Development of the USSR Armed Forces since the signing of the non-aggression pact

By the beginning of the forties, the Soviet Union, as a result of the industrialization program, came to third place after the United States and Germany in terms of the level of development of heavy industry. Also, by the beginning of the Second World War, the Soviet economy was largely focused on the production of military equipment.

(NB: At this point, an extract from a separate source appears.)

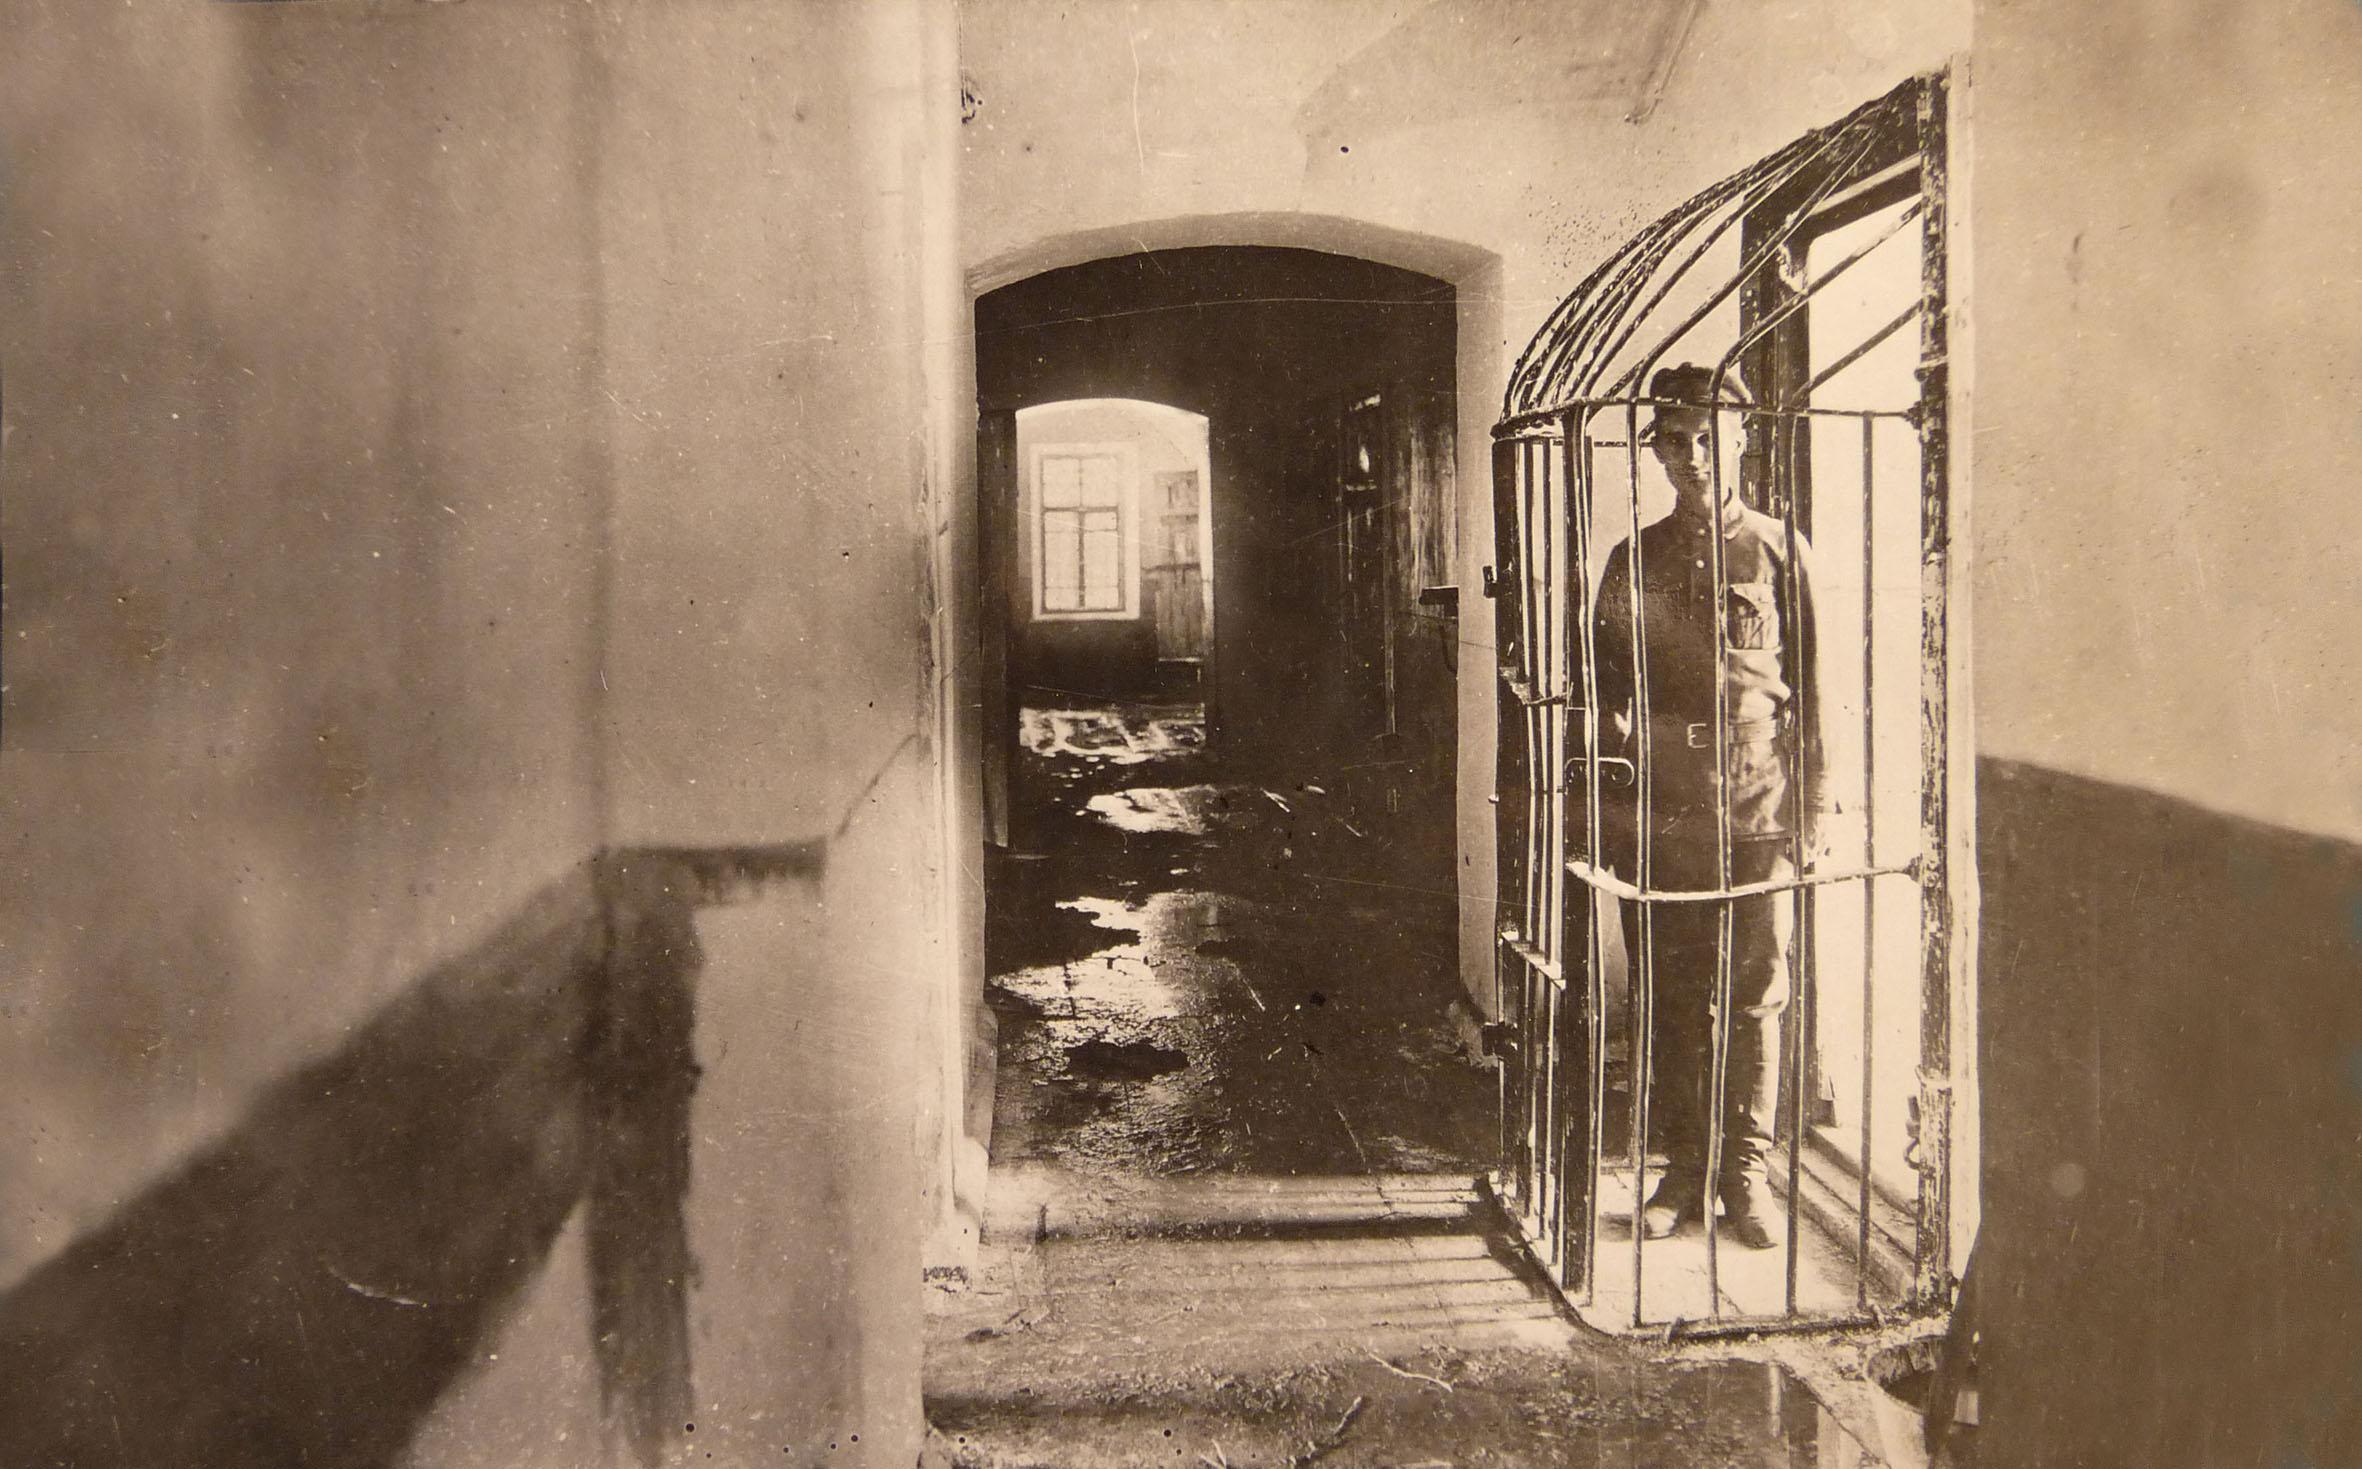 Tomszk--börtön és kivégzőhely

First phase. Invasion. Border battles (22 June - 10 July 1941)

Beginning of the invasion

In the early morning at 4 o'clock on June 22, 1941, the German invasion of the USSR began. On the same day, Italy (Italian troops began fighting on July 20, 1941) and Romania declared war on the USSR, Slovakia declared war on June 23, and Hungary declared war on June 27. The German invasion took the Soviet troops by surprise; on the very first day, a significant part of the ammunition, fuel and military equipment was destroyed; The Germans managed to ensure complete air supremacy (about 1,200 aircraft were disabled). German aircraft attacked naval bases: Kronstadt, Libau, Vindava, Sevastopol. Submarines were deployed on the sea lanes of the Baltic and Black Seas and minefields were laid. On land, after strong artillery preparation, the advanced units, and then the main forces of the Wehrmacht, went on the offensive. However, the Soviet command was unable to soberly assess the position of its troops. On the evening of June 22, the Main Military Council sent directives to the Military Councils of the fronts, demanding that decisive counterattacks be launched against the enemy groups that had broken through in the morning of June 23. As a result of failed counterattacks, the already difficult situation of the Soviet troops worsened even further. Finnish troops did not cross the front line, waiting for events to develop, but giving German aviation the opportunity to refuel.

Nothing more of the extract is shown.